2.     Note-se que a ação incriminada pelo legislador consiste em adquirir, guardar, ter em depósito, transportar ou trazer consigo, para consumo pessoal, drogas sem autorização ou em desacordo com determinação legal ou regulamentar. Pune-se, destarte, conduta que recaia sobre quantidade de substância ilícita suficiente para satisfazer o consumo individual, como fumar um cigarro de cânhamo ou um cachimbo contendo “crack”. Em face disto, afigura-se, com a máxima vênia, um contrassenso reputar insignificante porção de droga apta a prover o uso pessoal.

3.     Conforme decidiu o Pretório Excelso, em acórdão relatado pelo saudoso Ministro MENEZES DE DIREITO: “1. É pacífica a jurisprudência desta Corte Suprema no sentido de não ser aplicável o princípio da insignificância ou bagatela aos crimes relacionados a entorpecentes, seja qual for a qualidade do condenado.” (HC n. 91.759, rel.  Min. MENEZES DIREITO, 1.ª Turma, julgado em 09/10/2007, publicado no DJ de 30-11-2007, pág. 77). Muito embora tenha havido julgados em sentido contrário, a mais recente jurisprudência da Suprema Corte caminha no sentido da tese ora sustentada, como se nota em aresto relatado pelo eminente Ministro RICARDO LEWANDOWSKI: “PENAL. HABEAS CORPUS. ART. 28 DA LEI 11.343/2006. PORTE ILEGAL DE SUBSTÂNCIA ENTORPECENTE. EXTINÇÃO DA PUNIBILIDADE. RECONHECIMENTO DA PRESCRIÇÃO DA PRETENSÃO PUNITIVA ESTATAL. ÍNFIMA QUANTIDADE. PRINCÍPIO DA INSIGNIFICÂNCIA. INAPLICABILIDADE. PERICULOSI-   DADE SOCIAL DA AÇÃO. EXISTÊNCIA. CRIME DE PERIGO ABSTRATO OU PRESUMIDO. PRECEDENTES. WRIT PREJUDICADO. I - Com o reconhecimento da prescrição da pretensão punitiva estatal, não mais subsiste o alegado constrangimento ilegal suportado pelo paciente. II – A aplicação do princípio da insignificância de modo a tornar a conduta atípica exige sejam preenchidos, de forma concomitante, os seguintes requisitos: (i) mínima ofensividade da conduta do agente; (ii) nenhuma periculosidade social da ação; (iii) reduzido grau de reprovabilidade do comportamento; e (iv) relativa inexpressividade da lesão jurídica. III – No caso sob exame, não há falar em ausência de periculosidade social da ação, uma vez que o delito de porte de entorpecente é crime de perigo presumido. IV – É firme a jurisprudência desta Corte no sentido de que não se aplica o princípio da insignificância aos delitos relacionados a entorpecentes.
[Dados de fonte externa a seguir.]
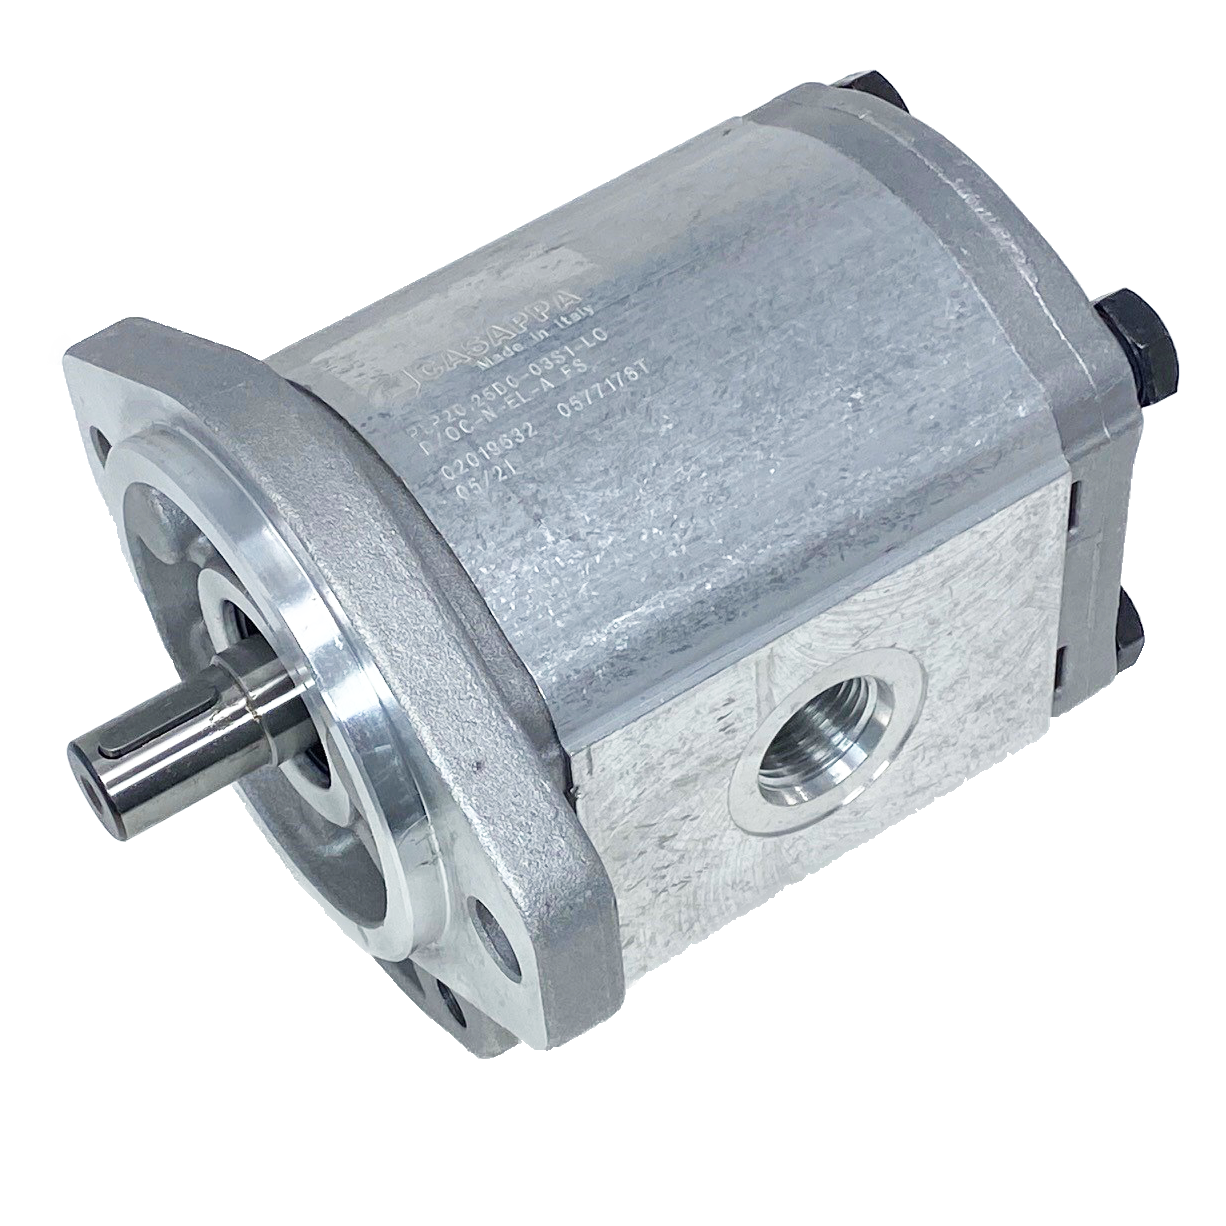 PHP20.27,8S0-31S9-LOG/OC-N-EL : Casappa Polaris Gear Pump, 28.21cc, 2900psi Rated, 2500RPM, CCW, 5/8" Bore x 5/32" Key Shaft, SAE A 2-Bolt Flange, 1.25" #20 SAE Inlet, 0.625 (5/8") #10 SAE Outlet, Cast Iron Body, Aluminum Flange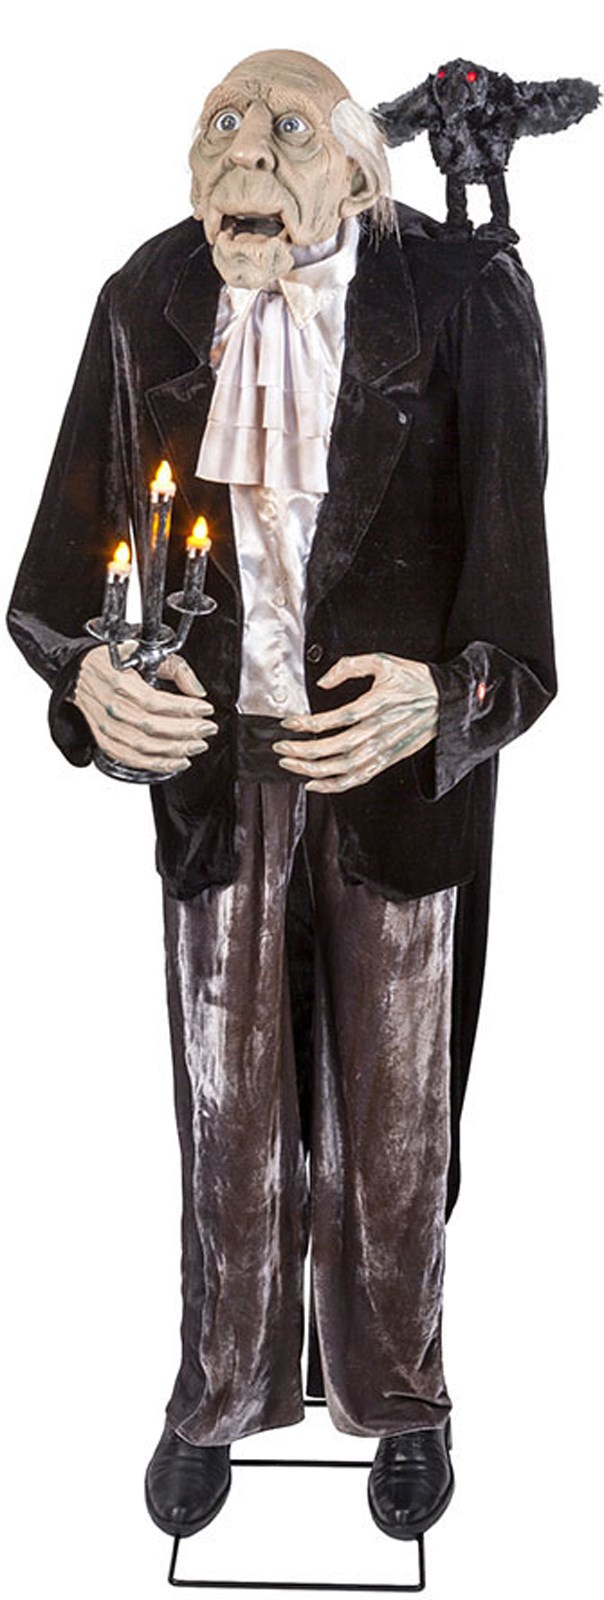 Animated Talking Butler And Crow With Light Up Candelabra

V – A Lei 11.343/2006, no que se refere ao usuário, optou por abrandar as penas e impor medidas de caráter educativo, tendo em vista os objetivos visados, quais sejam: a prevenção do uso indevido de drogas, a atenção e reinserção social de usuários e dependentes de drogas. VI – Nesse contexto, mesmo que se trate de porte de quantidade ínfima de droga, convém que se reconheça a tipicidade material do delito para o fim de reeducar o usuário e evitar o incremento do uso indevido de substância entorpecente. VII – Habeas corpus prejudicado” (STF, HC n. 102.940, Relator:  Min. RICARDO LEWANDOWSKI, 1.ª Turma, julgado em 15/02/2011, DJe de 05-04-2011).

4.     É de ver, ainda, que se cuida de crime de ação pública incondicionada, não cabendo ao Parquet, diante da presença de prova da materialidade e indícios de autoria, postular o encerramento da persecutio criminis.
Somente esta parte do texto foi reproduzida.